Fitch Upgrades Huatai Property & Casualty's IFS to 'A'; Outlook Stable
KEY RATING DRIVERS
The rating upgrade reflects Huatai P&C's strong capitalisation, improving claim ratio, sound liquidity, and manageable exposure to risky assets. The rating also recognises the company's track record of operating in China and its status as a Core subsidiary of its immediate parent, Huatai Insurance Group Co., Ltd (HIG).
Under Fitch's insurance rating methodology, Huatai P&C is considered a Core subsidiary within the group. HIG's risk-adjusted capitalisation on a consolidated basis was Extremely Strong at end-2014, as measured by Fitch's Prism Factor-Based Model (FBM). Fitch believes that HIG is capable of providing capital support to facilitate the business growth of its insurance subsidiaries, if needed. The infusion of CNY1bn in new capital into Huatai P&C in 2014 further demonstrated HIG's commitment to fund the subsidiary's business expansion.
Surplus growth and the fresh equity injection strengthened the company's solvency ratio to 392.4% at end-2014 from 216% at end-2013. The company's disciplined underwriting approach underpins its capital buffer, which Fitch believes is sufficient to withstand potential underwriting volatility and to support its planned growth in the coming one to two years.
Huatai P&C's combined ratio improved to about 99.9% in 2014 from 100.7% in 2013, mainly due to the better claims experience from the motor, commercial property, credit and surety insurance lines. The company continued to report a better loss ratio than its major Chinese peers. Its loss ratio averaged 52.5% over the past five years. Based on Huatai P&C's preliminary claim statistics, Fitch believes that the company's net exposure to claims from blasts at a chemical warehouse in Tianjin in August 2015 should be manageable relative to its capitalisation.
Fitch believes Huatai P&C has sound liquidity to support potential cash outflows from its short-tailed insurance liabilities. Its liquid assets continued to account for about 2.8x of its net claim reserves and 1.2x of its net technical reserves at end-2014 despite an increase in investment in illiquid infrastructure-related loans and trust products after 2012.
Key rating constraints include a higher expense ratio relative to its major peers due to its moderate operating scale, the consistently soft pricing environment in certain business lines, such as property insurance, and intense market competition. While Huatai P&C has further widened its distribution coverage by expanding its exclusive agency force and e-commerce channel over the last few years, its market share remained small in the Chinese non-life market. Its limited operating scale could consistently undermine the company's expense ratio.
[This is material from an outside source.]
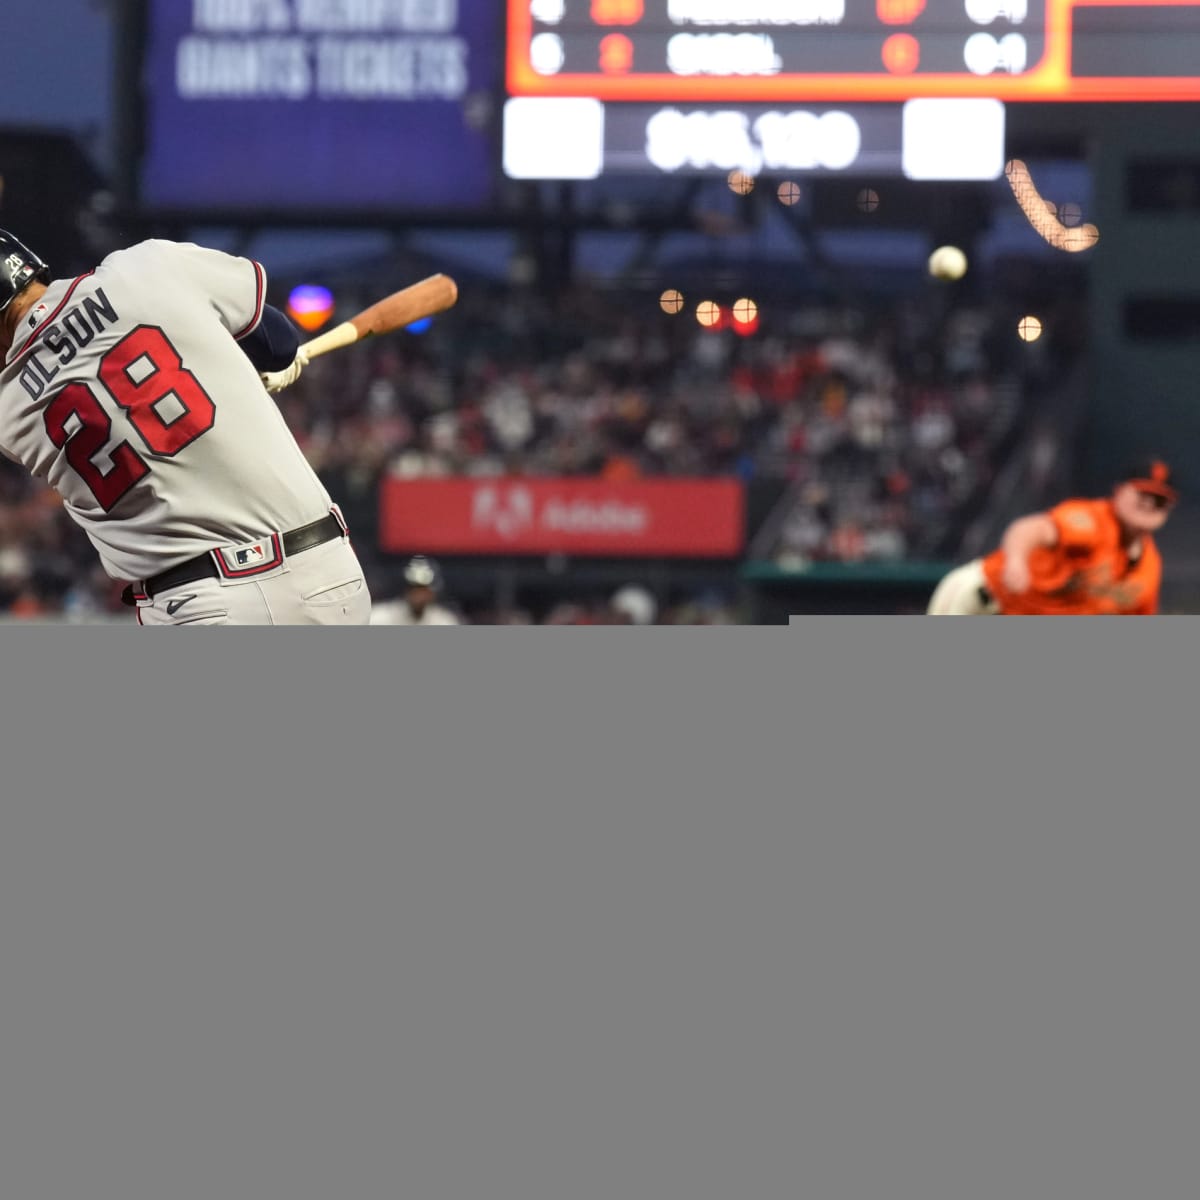 Matt Olson breaks Braves' home run record: Watch first baseman
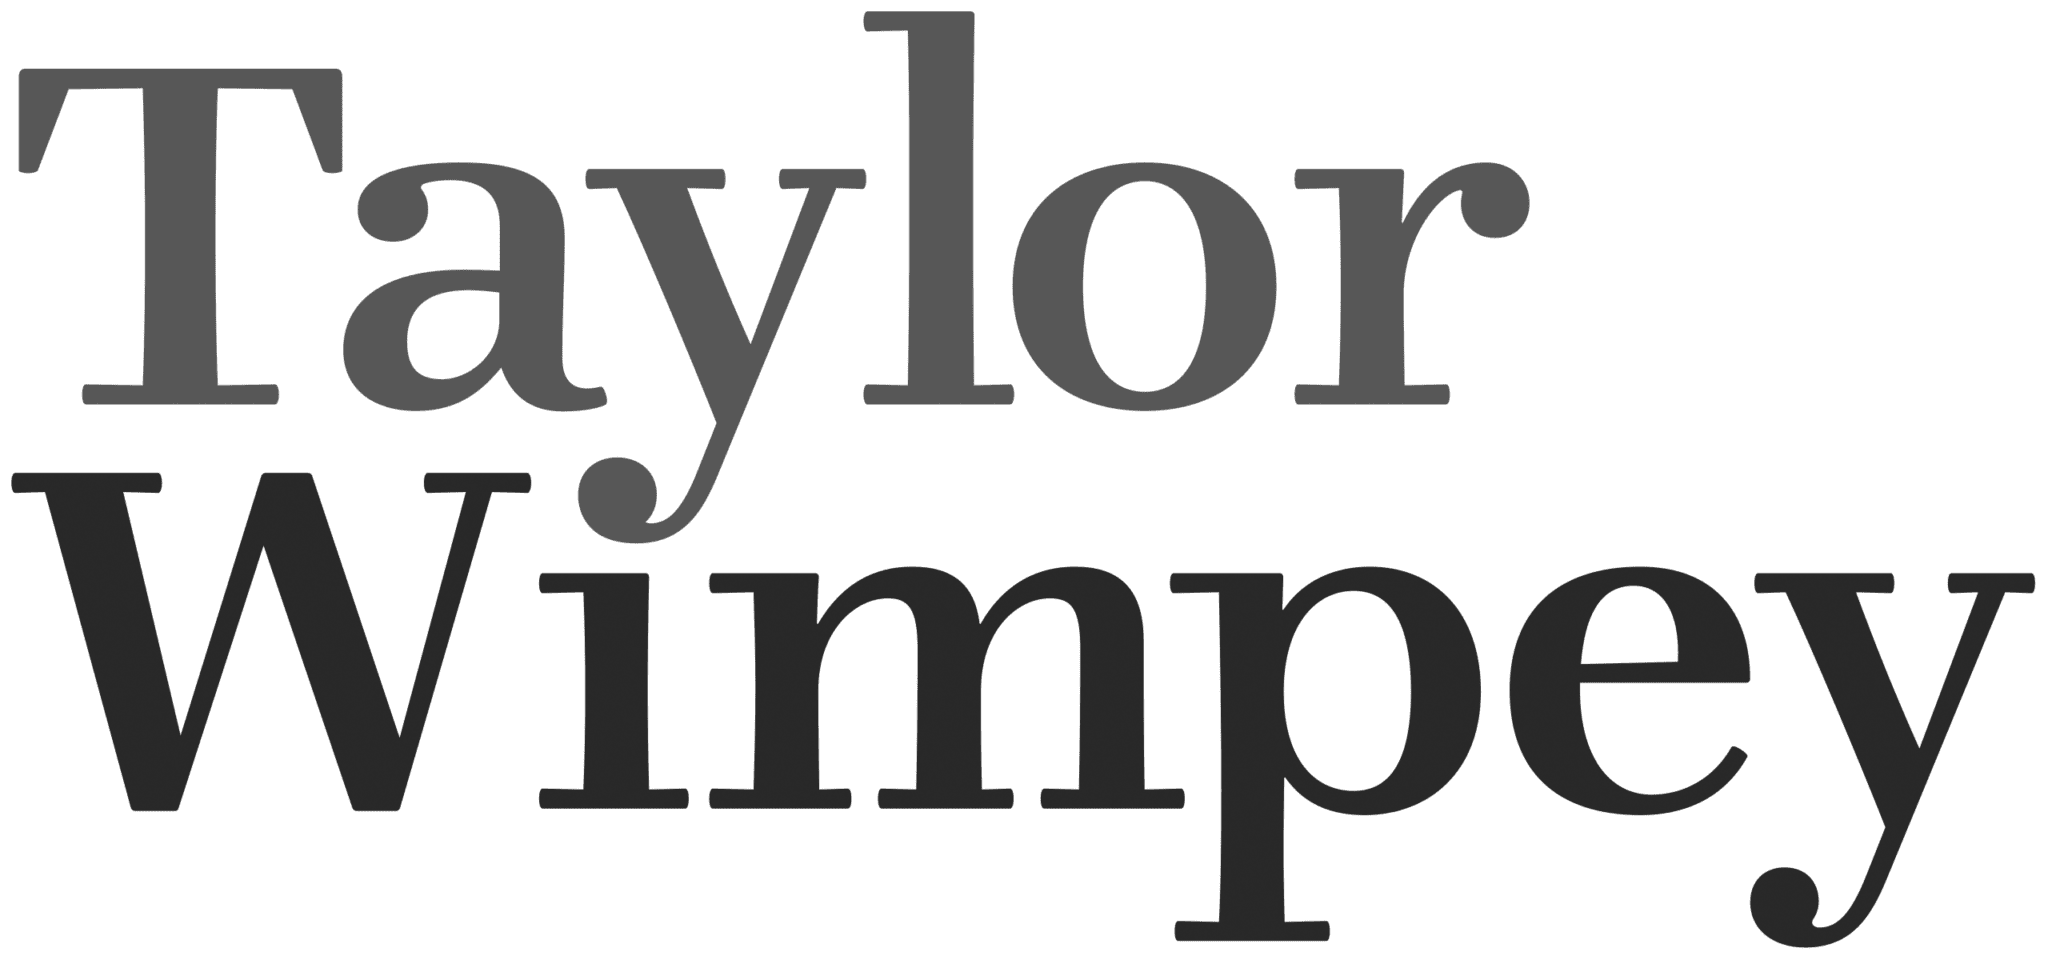 Taylor_Wimpey_logo BW

The trial deregulation of commercial motor insurance pricing in China is unlikely to lead to irrational price cuts in the near term. However, Fitch remains cautious about the impact of the deregulation on motor insurer's underwriting profitability.
RATING SENSITIVITIES
Downgrade rating triggers include:
- a sustained decline in capital strength with HIG's solvency ratio below 250% or its score computed by Fitch Prism FBM at below 'Strong',
- deterioration in Huatai P&C's combined ratio to consistently higher than 105%,
- a reduction in HIG's pre-tax return on assets on a consolidated basis to below 1% for a prolonged period (2014: 3.1%).
Given Huatai P&C's market profile, an upgrade of the rating is unlikely in the near term. Over the medium term, upgrade rating triggers include Huatai P&C's ability to further improve its combined ratio to below 95% and HIG's ability to strengthen its business profile, in terms of distribution network, brand name, and business franchise, to improve its overall operating stability, and to maintain its Prism FBM score at 'Very Strong'.